I've even been in the warm waters of the Gulf Stream, off the white, sandy beach of Bermuda, chasing a naked girl whose only ambition was to do it like a fish. I never did get to find out the secret of how the porpoises made it, because somehow, in the salt water, everything eluded me.

I never did like salt water.

It clings too heavily to your skin, burns your nose, irritates your eyes.

And if you happen to get a mouthful, it tastes like yesterday's leftover mouthwash.

So what was I doing here?

Hot damn, little man, all the stars are out and laughing at you.

This'll teach you some respect for the oceans.

You don't like salt water, eh?

Well, how do you like a million, billion, trillion gallons of it? A gazillion gallons?

"Aah, the hell with you," I said and went back to sleep.
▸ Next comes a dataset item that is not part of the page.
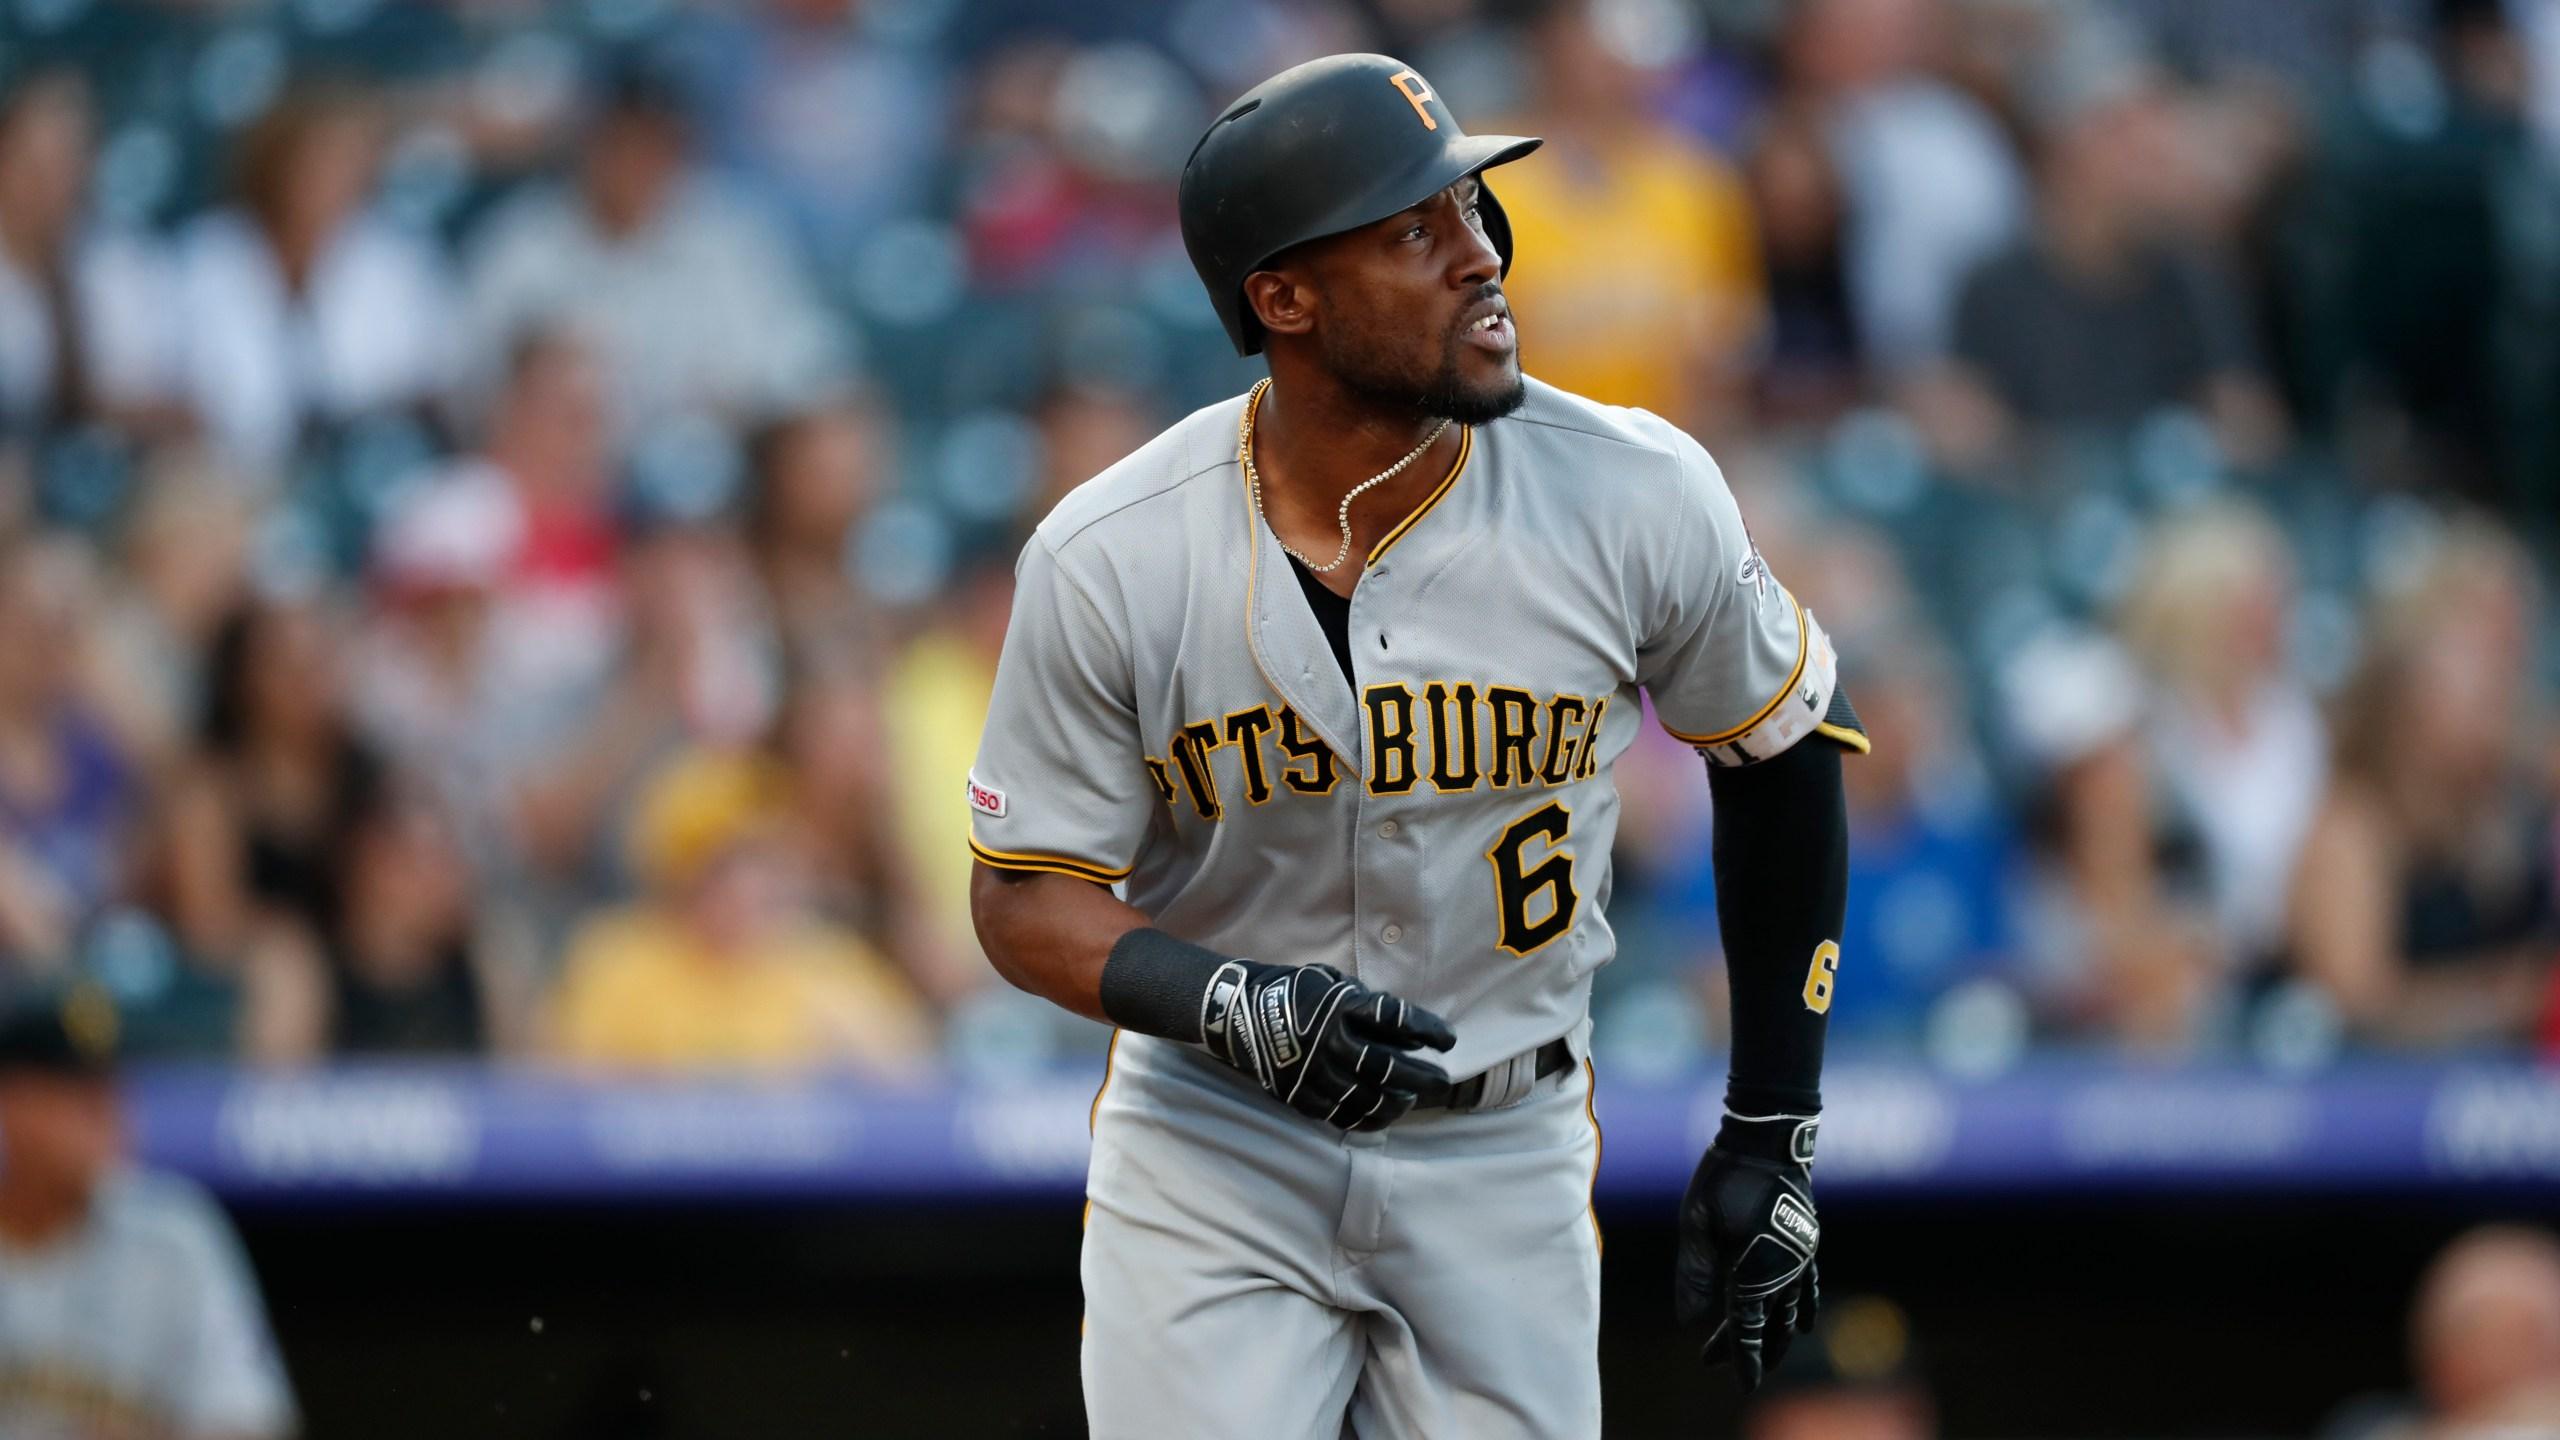 Pittsburgh Pirates center fielder Starling Marte (6), r m

I came trotting around the corner of the bunkhouse as fast as my eight-year-old legs could carry me, dragging the heavy cartridge belt and holstered gun in the sand behind me. I heard my father's voice.

"Hey, boy!

What have you got there?"

I turned to face him, trying to hide the belt and gun behind me.

"Nothin'," I said, not looking up at him.

"Nothing?" my father repeated after me. "Then, let me see."

He reached around behind me and tugged the belt out of my grip.

As he raised it, the gun and a folded piece of paper fell from the holster.

He bent down and picked them up.

"Where'd you get this?"

"From the wall in the bunkhouse near Nevada's bed," I said. "I had to climb up."

My father put the gun back in the holster.

It was a black gun, a smooth, black gun with the initials M. S. on its black butt.

Even I was old enough to know that somebody had made a mistake on Nevada's initials.